The general or essential properties or qualities inherent to all matter are the following: indestructibility, extension, attraction, weight, divisibility, impenetrability, porosity, compressibility, elasticity, inertia and mobility.

He began to investigate alchemy because his students seemed unable to winnow fact from rumor when it came to matters Amestrian. Lies breed like maggots, destroying the truths they feed on. He cannot determine who started the fight at Sarosh that ended with four—or was it six?—men dead, but he can retrieve the first volume of the Encyclopedia Amestrida (ed. 1902) from the library and put any misconceptions about alchemists to rest. No, they don't engage in blood sacrifice to raise the dead—they know that's impossible. Yes, it is possible to transmute lead into gold, but the practice is forbidden. No, I don't know why—so he tried to find out. To his surprise, he discovered a nobility in the science, a commitment to reason and a tradition of service, that gave him, for the first time in years, hope. The elders tend to blame the Amestrians' intransigence on their lack of belief in God. No evangelist, he thinks the problem less fundamental: they've lost sight of their own teachings. Alchemy affirms that a substance must be transmuted in conformity with its natural properties. Had the Amestrians truly attempted to comprehend Ishbal, they would not be seeking to remake it against the grain of its own being. Perhaps, he dares to believe, they only need to be reminded of this.

So he ordered the volumes that now sit in his house. If he can learn alchemy, it may be that he can build a bridge of understanding between his people and their governors. A romantic project, he knows, and far too large for one man, but he doesn't intend to work alone. He is, after all, a teacher. Running his hand along the books' leather spines, he considers the people with whom he can share this new knowledge. They must, as he does, be able to draw a distinction between the practice of alchemy, banned by the elders, and the study of the subject. His attempt at reconciliation will fail before it begins if he alienates his own kin over a misunderstanding.

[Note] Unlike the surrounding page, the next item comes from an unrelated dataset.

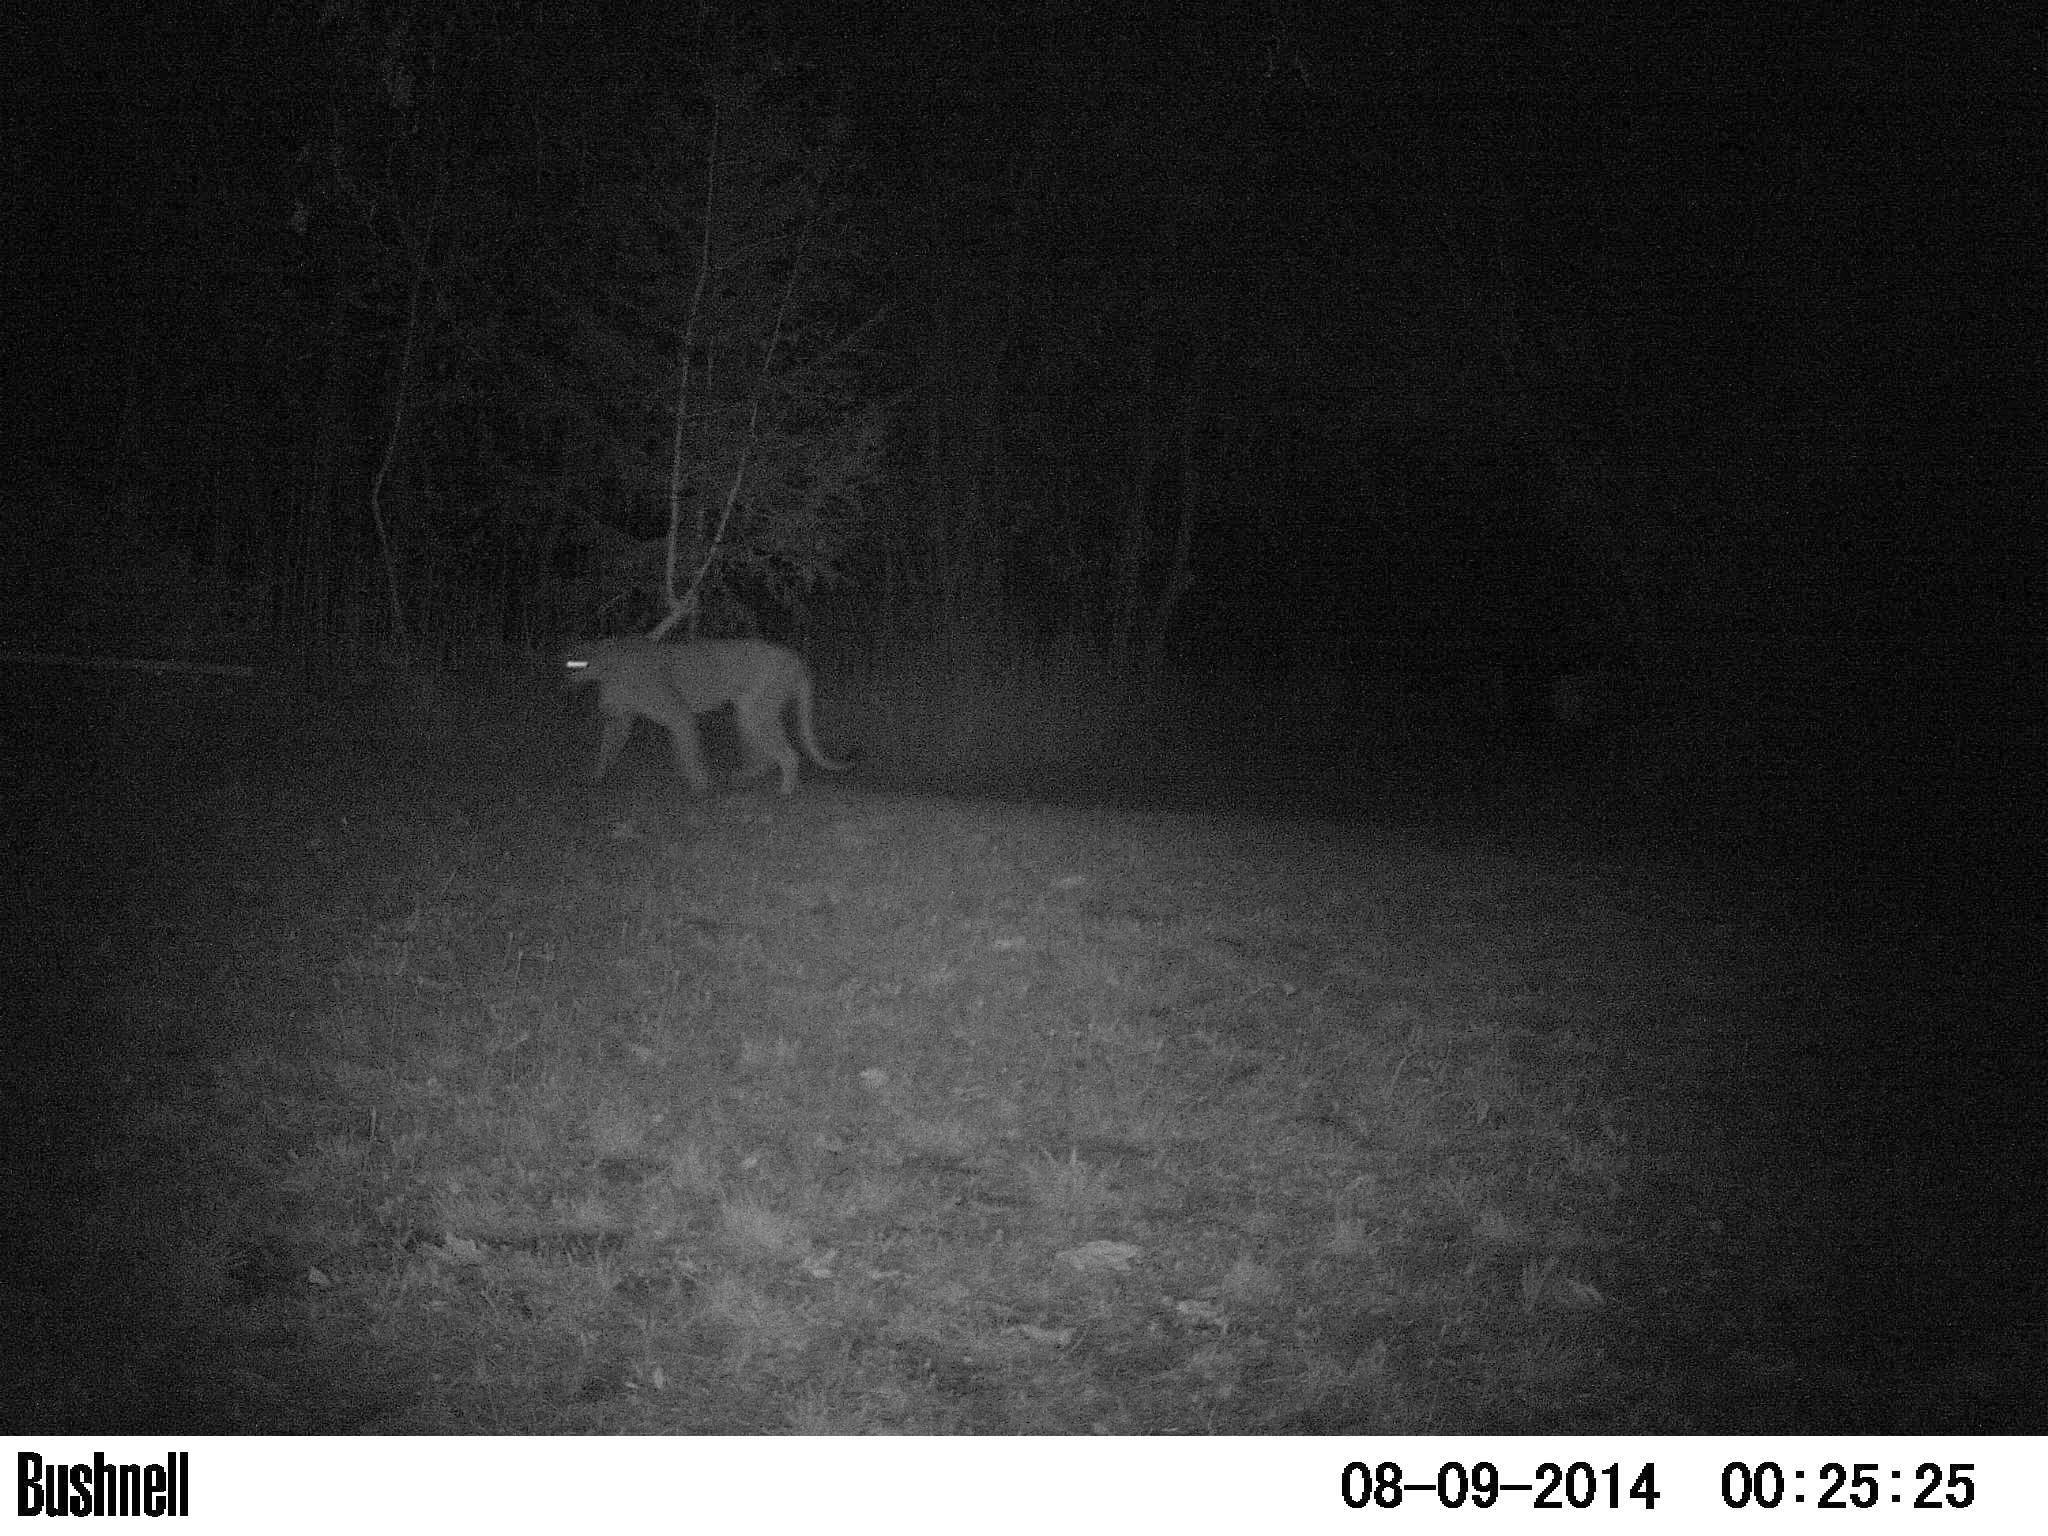 cougar 8-9-2014

Two or more substances may be unsuitable for combination because of physic dissociation or immiscibility, chemic decomposition or therapeutic antagonism. Such incompatibilities must be identified before attempting a transmutation in order to prevent a rebound.

The ceiling light blinks out. He sighs again. This has been happening more and more frequently; the same substation that provides power to the Amestrian garrison also serves the town. He wonders if the saboteurs who cut the lines know or care that the garrison has back-up generators and Debir does not. He lets his eyes dark-adjust, then takes down the oil lamp from the shelf and strikes a match to set the wick alight. The flame does little to push the shadows off the page and he gives up when he feels the first twinges of a headache, carefully returning all the books to their box. Perhaps he is deluding himself, as his younger brother insists. Perhaps no one will listen to a small-town schoolmaster flirting with heresy. Perhaps he is risking his soul to no good end. He doesn't believe in forbidden knowledge, but he knows that human beings meddle with the world and with each other at their peril. The road to hell is paved with the corpses of those who thought themselves right and mortared with the blood of their victims. He puts his hands together and prays, as he does daily, for wisdom and humility. Cleanse my heart, he begs Ishbala, sharpen my wits—tell me what to do!

He hears no whisper of approval, but neither does his certainty of purpose receive any check. The books will still be there when the sun rises; a four-mile walk allows plenty of time for reading. He blows out the lamp and seeks his bed, composing his mind for sleep.